Objective: To detect an unmediated escalation of flamable gases or rise in temperature and offer a warning combined with countermeasures (turn on the air ventilator?).

Setup:

+Arduino → 5v through Ground and Raw
+MQ2 → Connected at A0 of Arduino
+OLED → Shares the same 5v supply and data to A4 and A5
+DS18B20 → Pin 3
+RTC DS3231 → Pin A4 and A5
+Relay → Pin 7
+Buzzer (not yet implimented)
+Momentary Switch → Pin 6. The switch is intended to toggle between Auto/Manual control of air ventilator.

Issues:

  1. Momentary Switch: The switch is meant to offer an option to either automate the activation of air ventilator based upon either gas concentration or elevated temperatures (the rise in temperature is calculated with referenced with internal temperature sensor on RTC DS3231), or act as manual On/Off switch. So it will cycle through Auto>On>Off modes. But here lies the problem. A case based selection menu was implimented, but it seldom works. Sometimes the button push is detected, and ignored on other occaisions. And for some reasons, the button ceases to make a difference after 2-3 changes of mode. I sincerely need help here.

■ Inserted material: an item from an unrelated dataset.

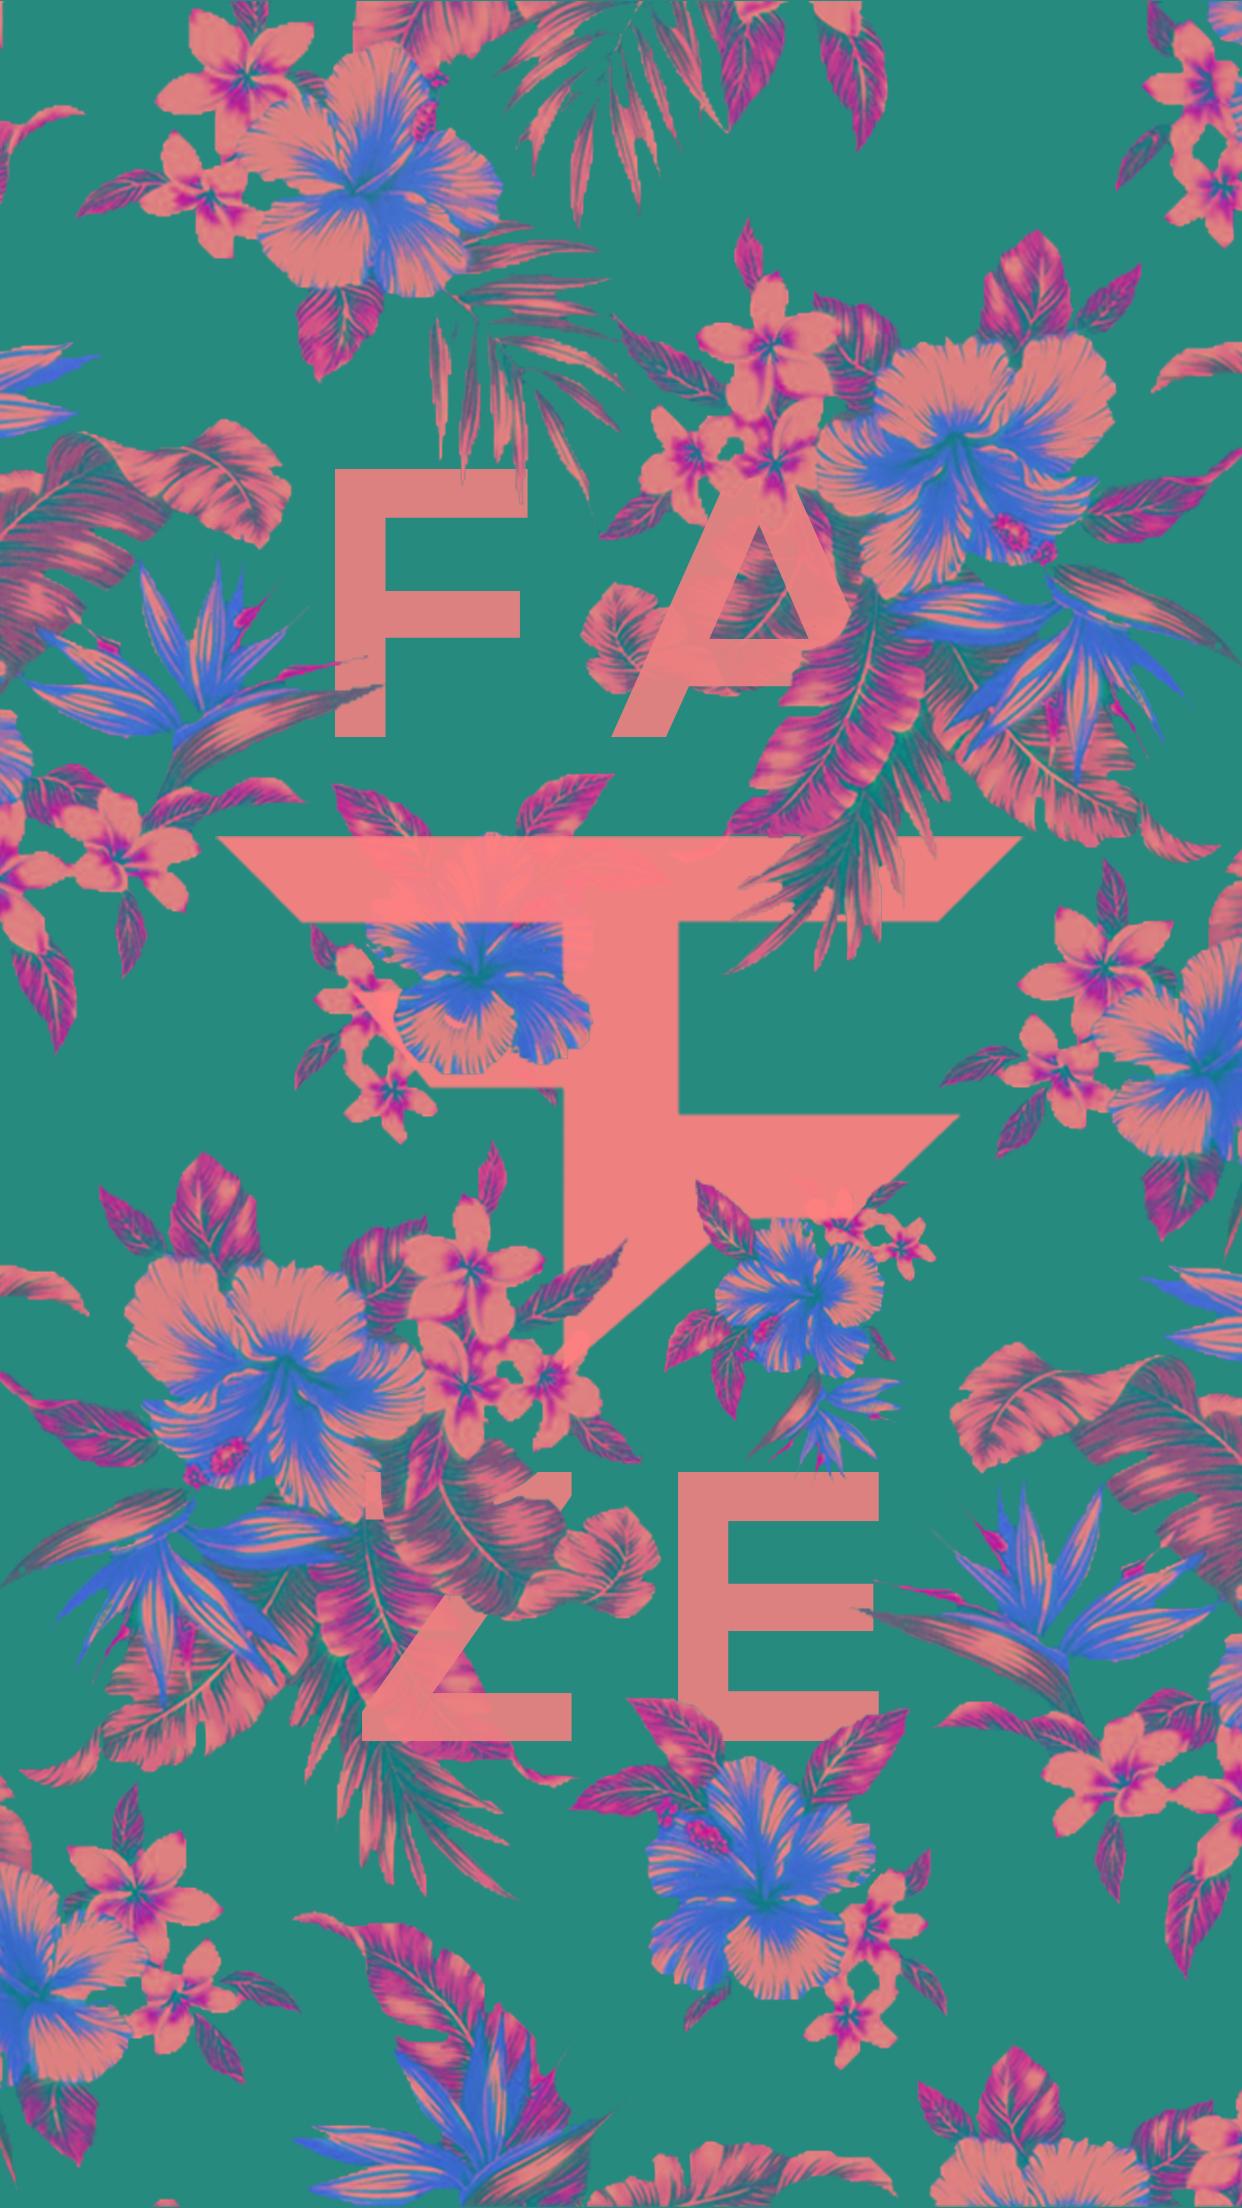 Free download Faze Logo Wallpaper Iphone Faze clan wallpaper by [900x506]  for your Desktop, Mobile & Tablet | Explore 46+ FaZe Clan iPhone Wallpaper  | FaZe Clan Wallpaper Download, FaZe Clan 1080p

  2. “Ro = MQCalibration(MQ_PIN);”: This statement needs to be run to calibrate the sensor. Is there any way to reflect that on the Display? A statement like “Calibrating” would be better since with the present code, the deplay remains blank for the duration of calibration, which makes it appear as if its not responding.

  3. A way to replace ‘delay’ from the MQ2 sensor calculation algorithm, so that it does not affect the flow of the entire process. Perhaps this could help me to opt for a more conservative and less memory intesive display buffer mode (NONAME_1_HW_I2C, instead of NONAME_F_HW_I2C).

  4. Please bear with my inexperience in this domain :slight_smile:

Code is attached as the post had reached the word limit. Please take a look, thank you!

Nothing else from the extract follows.